Request + PR for an update is there already: Keats/jsonwebtoken#333

... not the only one:

• rustls: https://github.com/rustls/rustls/blob/main/Cargo.lock#L773
  • But not sure where this is actually coming from. Can probably be just removed: Bump ring 0.17 in dev-deps, bump to latest rustls/rustls#1528 (comment)
  • Demoted from dependency to dev-dependency already for v0.22.y (currently alpha version).
• sct, but the bump has been merged already, just not yet released: https://github.com/rustls/sct.rs/blob/main/Cargo.toml

For rustls, there are alpha versions along the dependency tail, and we could use an alpha version of your library as well: ravenclaw900/flexible-hyper-server-tls#2

sct has last been released two years ago, so even that its ring dependency has been updated in its main branch already, we might need to wait for a long time for this to be released. So I suggest to fork and/or use the current main branch. Commits since last release were only formatting, documentational, CI and the ring dependency update, hence nothing to worry.

[MichaIng]

rustls still defines ring as optional dependency: https://github.com/rustls/rustls/blob/main/rustls/Cargo.toml
The alpha version on crates.io still the version 0.16. tokio-rustls does not define the related optional feature(s), so not sure why ring is added as rustls dependency in our Cargo.lock: https://github.com/rustls/tokio-rustls/blob/main/Cargo.toml

We also need to update rustls-webpki to alpha5: https://crates.io/crates/rustls-webpki/0.102.0-alpha.5/dependencies
... ah, its alpha4 now already, which is sufficient.

EDIT: Nice, finally! I fixed my jsonwebtoken fork already, but as long as there are no other relevant commits upstream, should be fine to use the branch or the ring PR.

[MichaIng]

Works:

root@DietPi:/tmp# ./dietpi-dashboard &
[1] 14875
root@DietPi:/tmp# ss -tulpn | grep dash
tcp   LISTEN 0      1024               *:5252            *:*    users:(("dietpi-dashboar",pid=14875,fd=9))

[MichaIng]

I just enabled the dashboard with these artifacts for RISC-V in dietpi-software, for testing purpose: MichaIng/DietPi@42a12f8

I'll keep an eye on the dependencies to switch back to upstream and stable where possible.

[MichaIng]

We could now "downgrade" to latest rustls stable releases, which have their ring dependencies all updated:

• https://github.com/rustls/rustls/releases/tag/v/0.21.8
• https://github.com/rustls/webpki/releases/tag/v/0.101.7

[MichaIng]

webpki v0.102 has been released: https://github.com/rustls/webpki/releases/tag/v/0.102.0
If I am not mistaken, this was the last blocker for RISC-V support with stable dependencies 🙂.

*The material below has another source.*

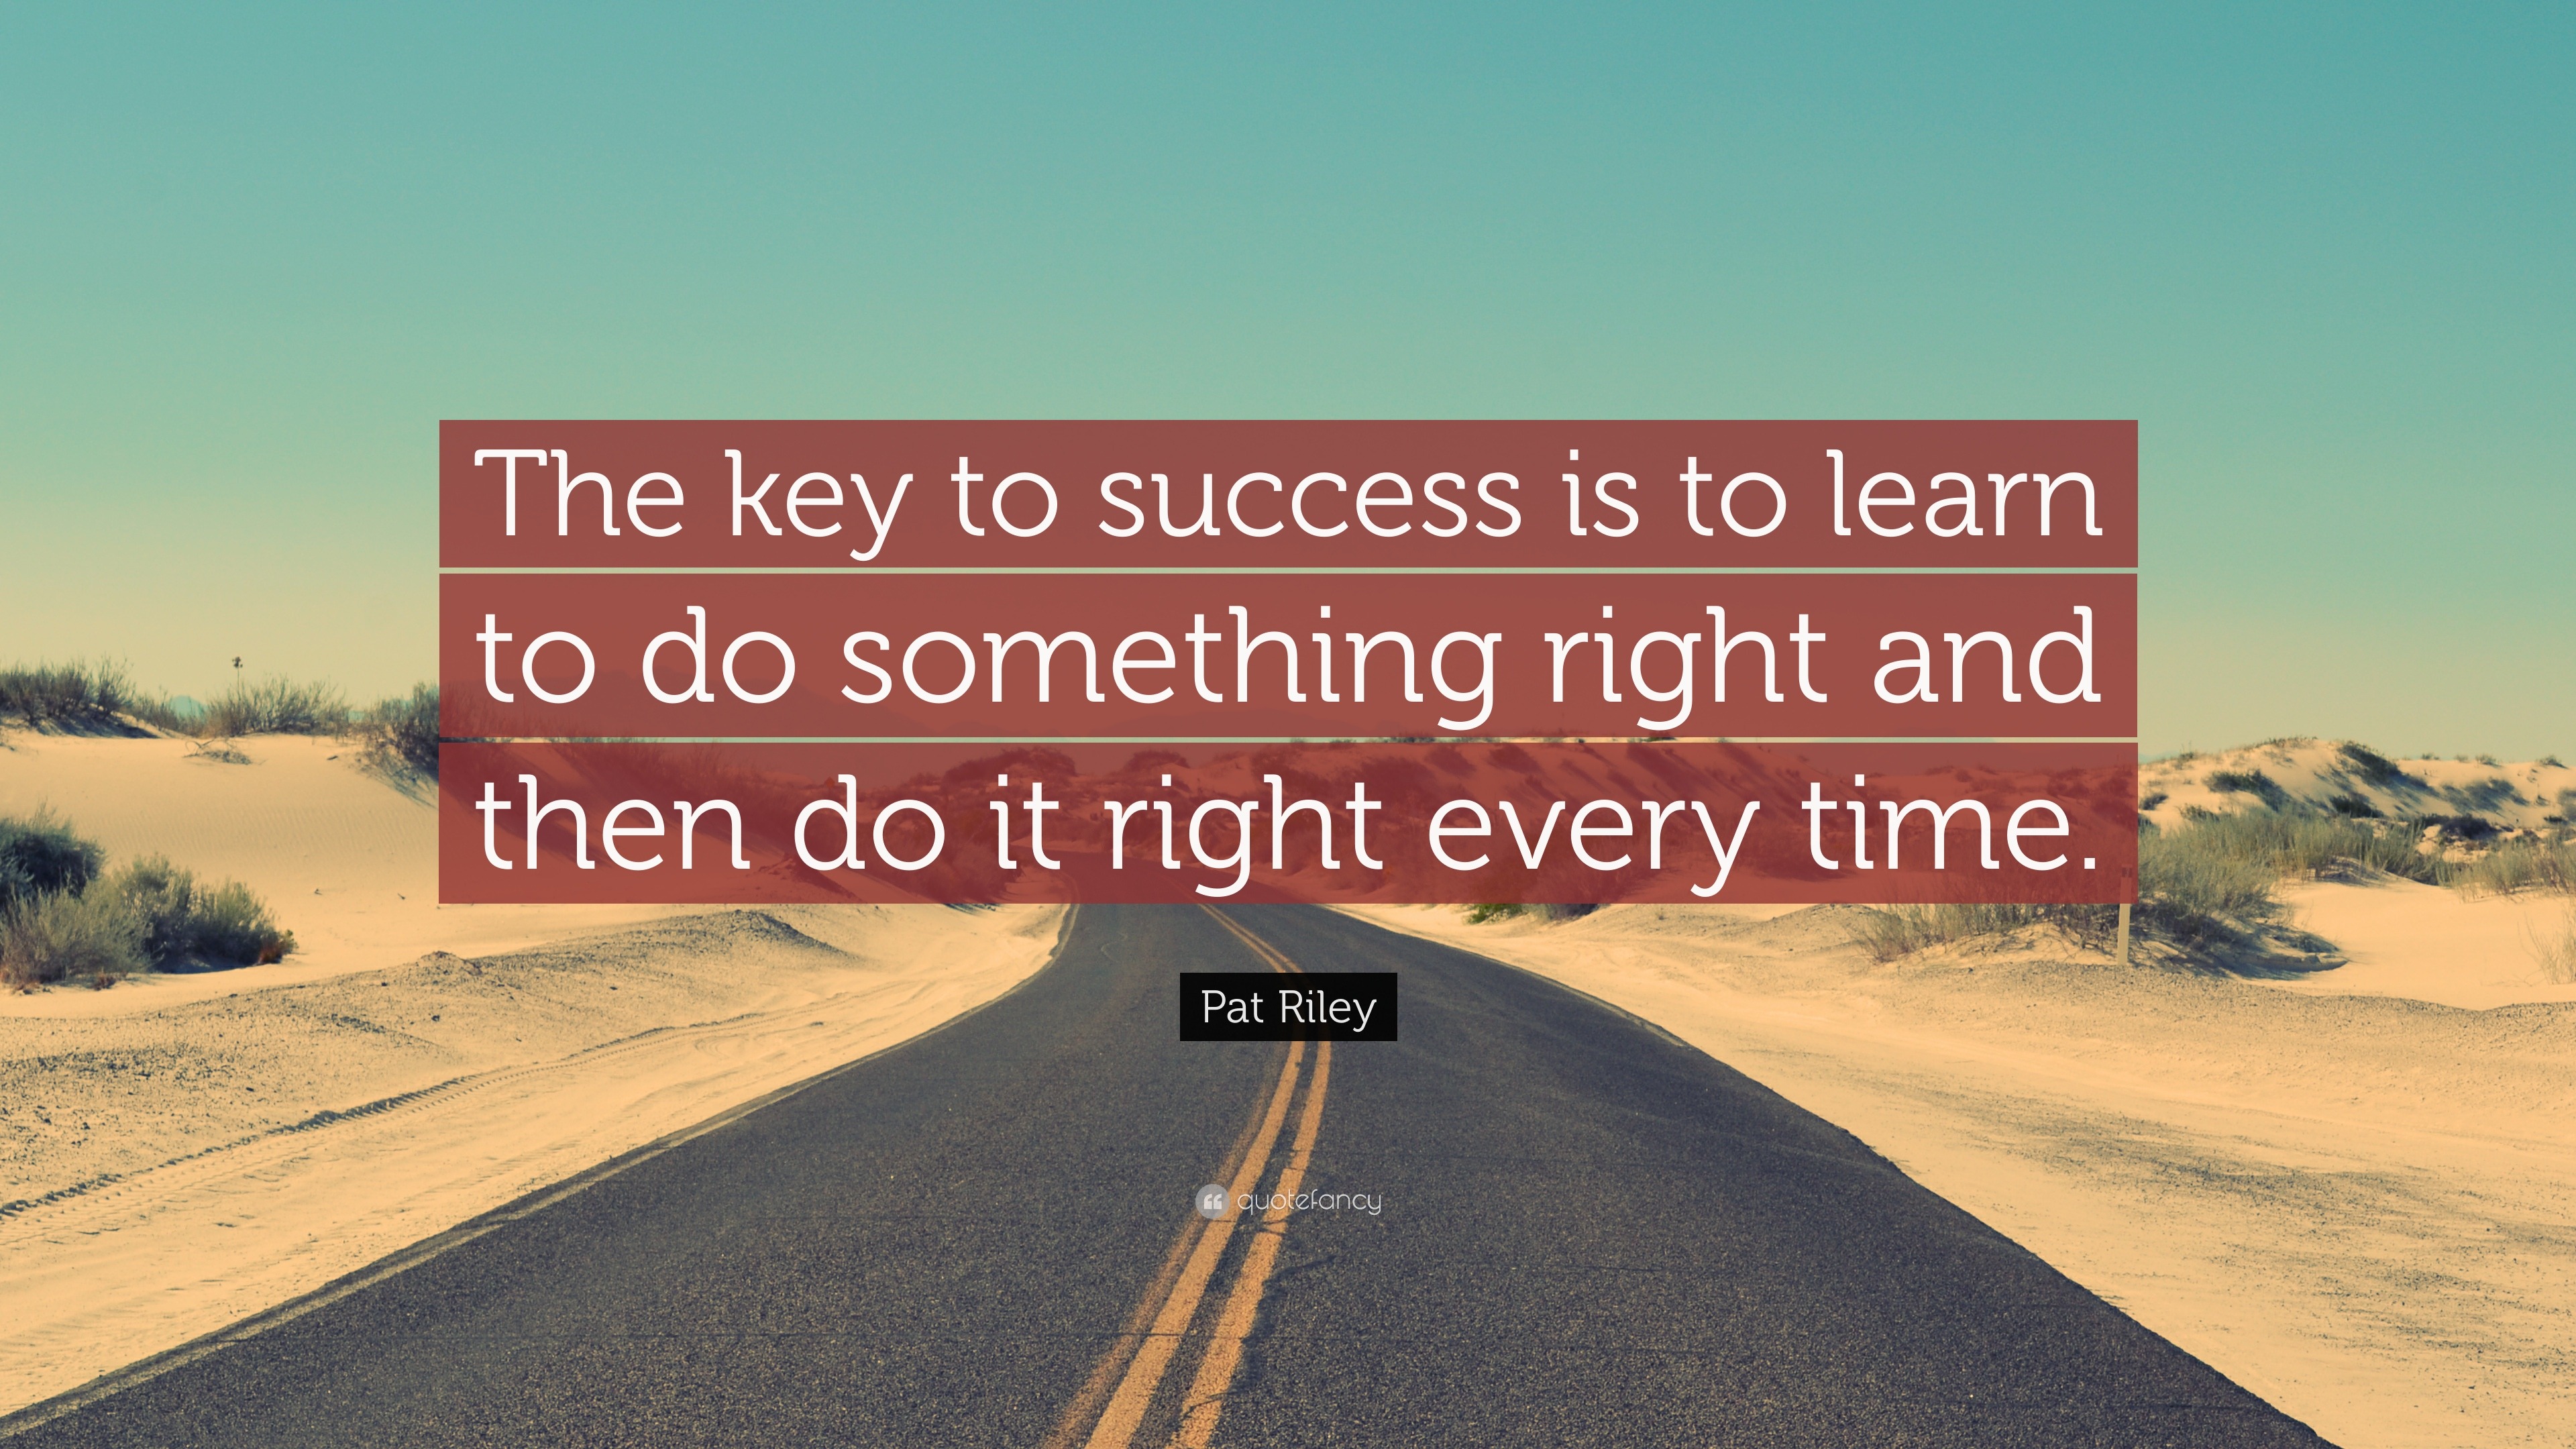 Pat Riley Quote: “The key to success is to learn to do something right ...

rustls-pemfile v2.0.0 has also been released, so the little code change regarding this can remain: ravenclaw900/flexible-hyper-server-tls@ab814aa
I'll open a PR to "downgrade" the rustls dependency once renovate and/or dependabot pushed all other dependency updates.

[MichaIng]

Seems like there was another breaking change in rustls between 2.0.0-alpha.1 and 2.0.0 release 🤔. I'll have a look tomorrow.

[MichaIng]

Works now without any other changes from main. Merging it. riscv64gc builds could be added to required checks.
EDIT: Ah, requires another approval 🙂.